I'm thinking MRMOFO is not from the States. TR check into getting yourself a GFCI, ground fault circuit interrupter. Probably run you about $20. Not the 6 way cord strips with the surge protector, that protects BEFORE the unit, you need to protect yourself AFTER the plug. You can get a GFCI for cheap and wire it directly into the socket, you probably have them already in your bathroom. It's those sockets that have a "test" and "reset" button. They also produce them as a plug in style that you plug into the wall and then plug your 6 way surge protector in. By code we have to plug in everything into portable GFCI's at a construction site. 

They work by measuring the amperage going out one line and returning through the other line. If there is a 5 micro amp change, I forget the .00005 type number, it automatically trips. An 8 micro amp surge can stop a heart. Basically they trip before you do. 

All aquarists should have GFCI's on all of their equipment since as we know, our entire tank can be a conductor at any moment. Your fish will not get shocked swimming in the water as they are not grounded. As soon as you place your hand into the tank, a ground is made and you and your tank are now cooking. A GFCI will instantly prevent that. A hardwired GFCI socket is better then a plug in model. Most of the plugins are made so that you physically have to push the reset button to turn them on. This is to make sure the unit works each and everytime you use it, this is not a defect but a built in safety device. Unfortunately for those that use this type on their tank you will have problems with them. If for any reason there is the slightest burp in your homes power supply, a 5 min brown out, a slight surge, an hour long black out due to construction, anything that interrupts the power will leave the GFCI in the tripped position until you reset it. Wouldn't you rather have in in wall socket that will automatically continue to run when the power is restored?

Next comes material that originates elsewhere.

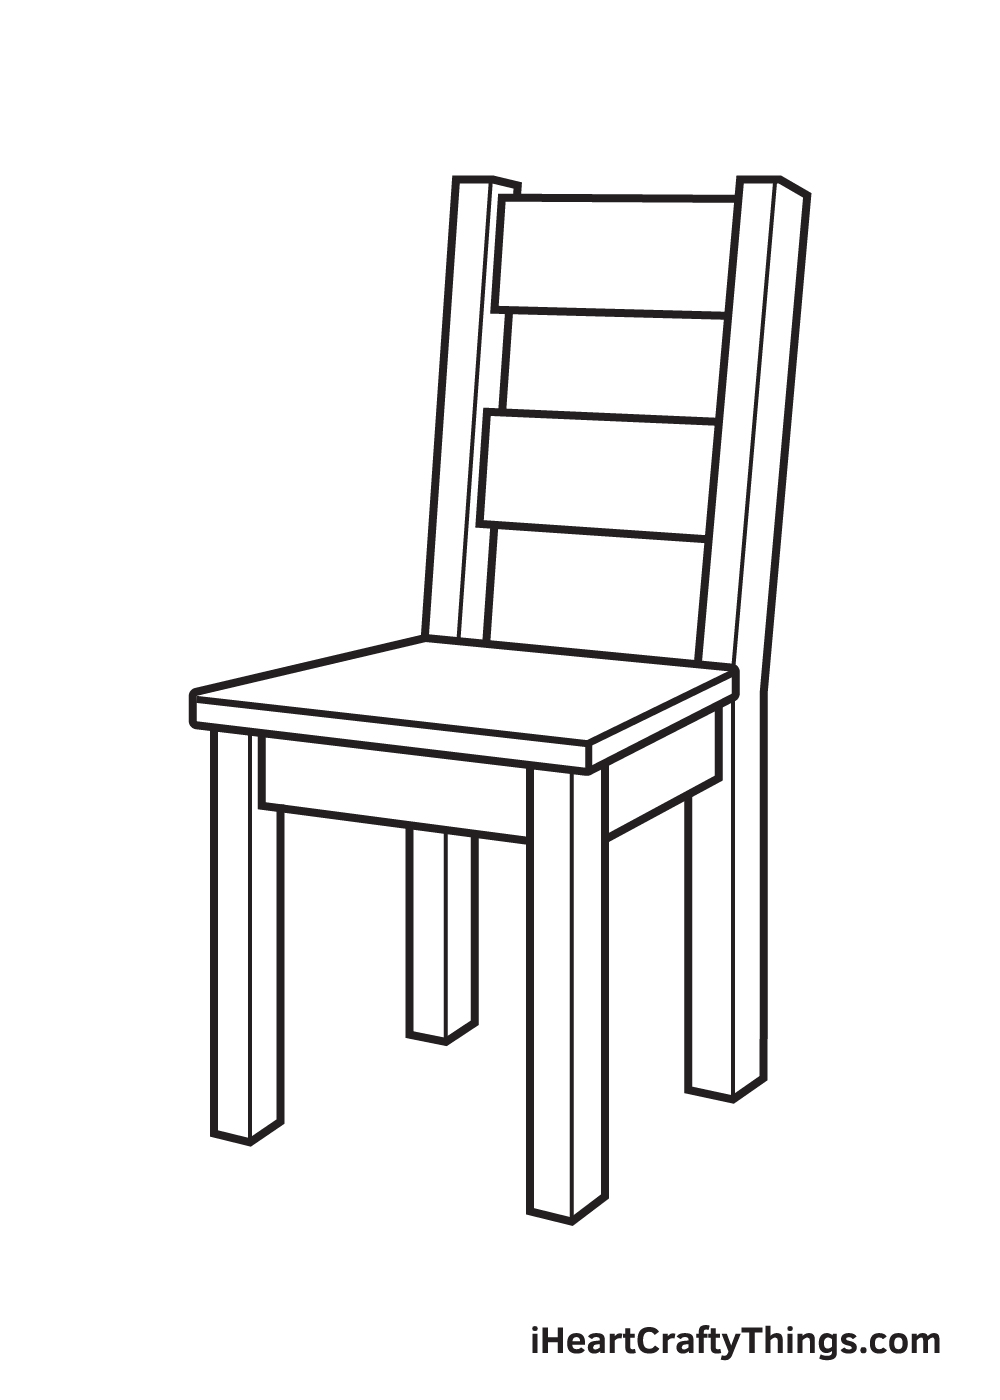 Drawing a chair - Step 8
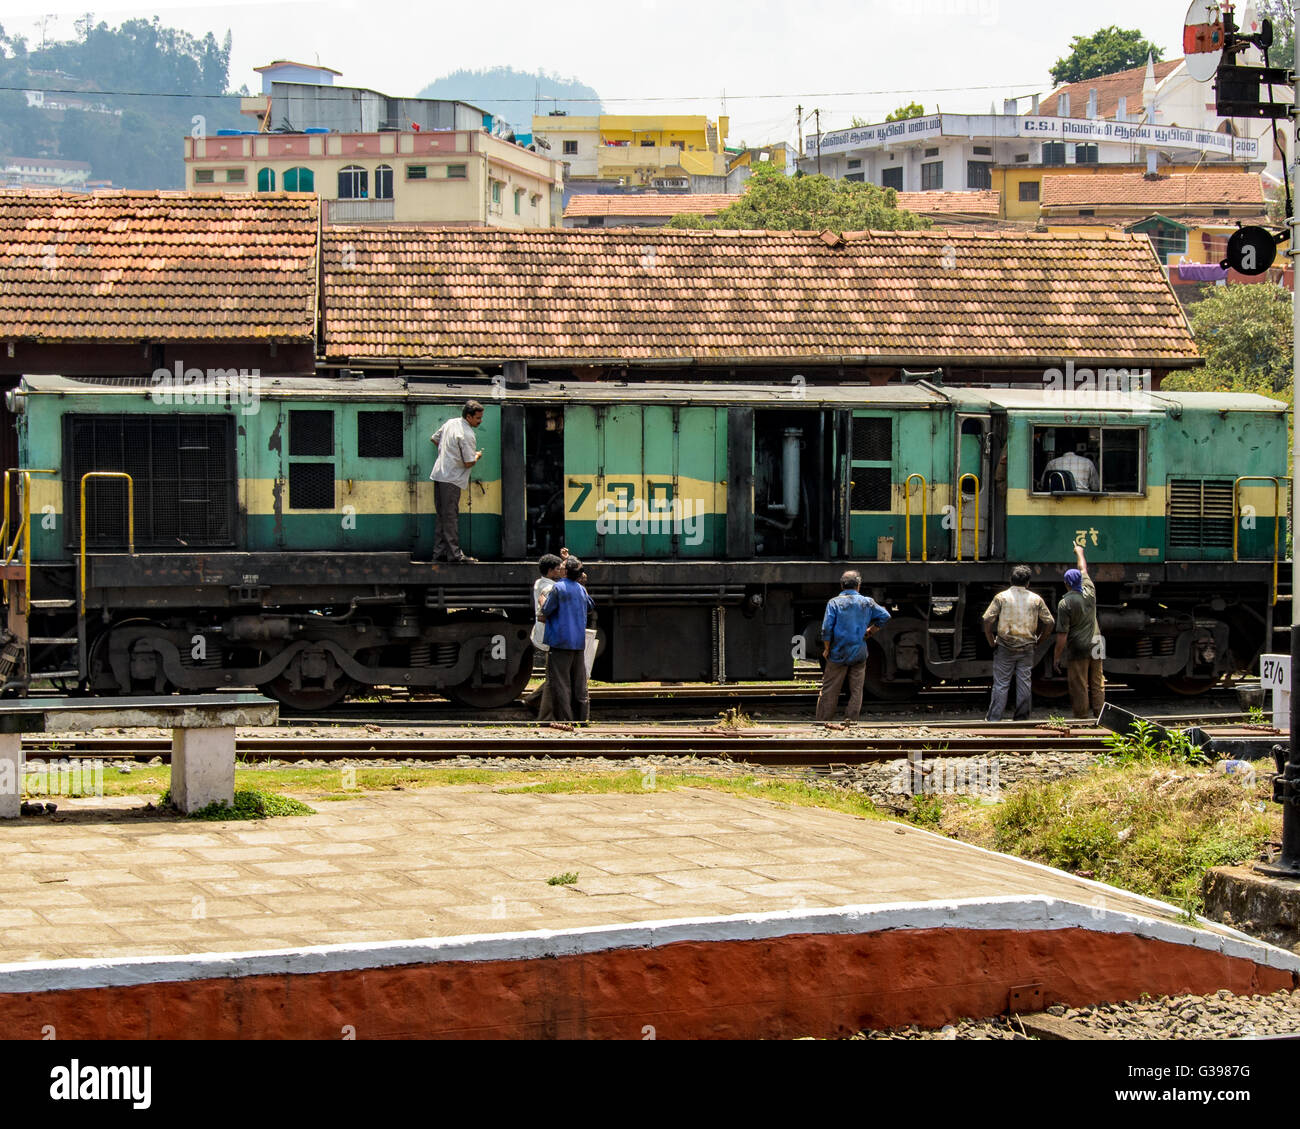 Coonoor railway engine and workers Southern India Stock Photo

TR it sounds like the seal on your heater went bad. It is a very common occurence, hence why I do not use bulb type heaters.


----------



## Mrmofo

im from austraia, ill admit it..i think there the same things we just call them somthing different down here..same thing test n reset n test it every month


----------



## trreherd

Ok so ill go to the hardware store and buy one of those safety things thats in my bathroom and hardwire it up. But what is this 6 way surge protector you speak of? im not reely sure what that is.


----------



## trreherd

Good news! Turns out my dad used to me an electrician aprentis and he knows alot about electricity! We found out that the problem was coming from a cheap wisper pump that came off a internal filter that i was just using for some circulation. I had to use the guess and test method though, and i got a few nasty shockes before i found out what one was shorted.


----------



## caferacermike

That is good news. A surge protector is that long strip of plugs you plug your computer or stereo into to protect it from lightning strike.


----------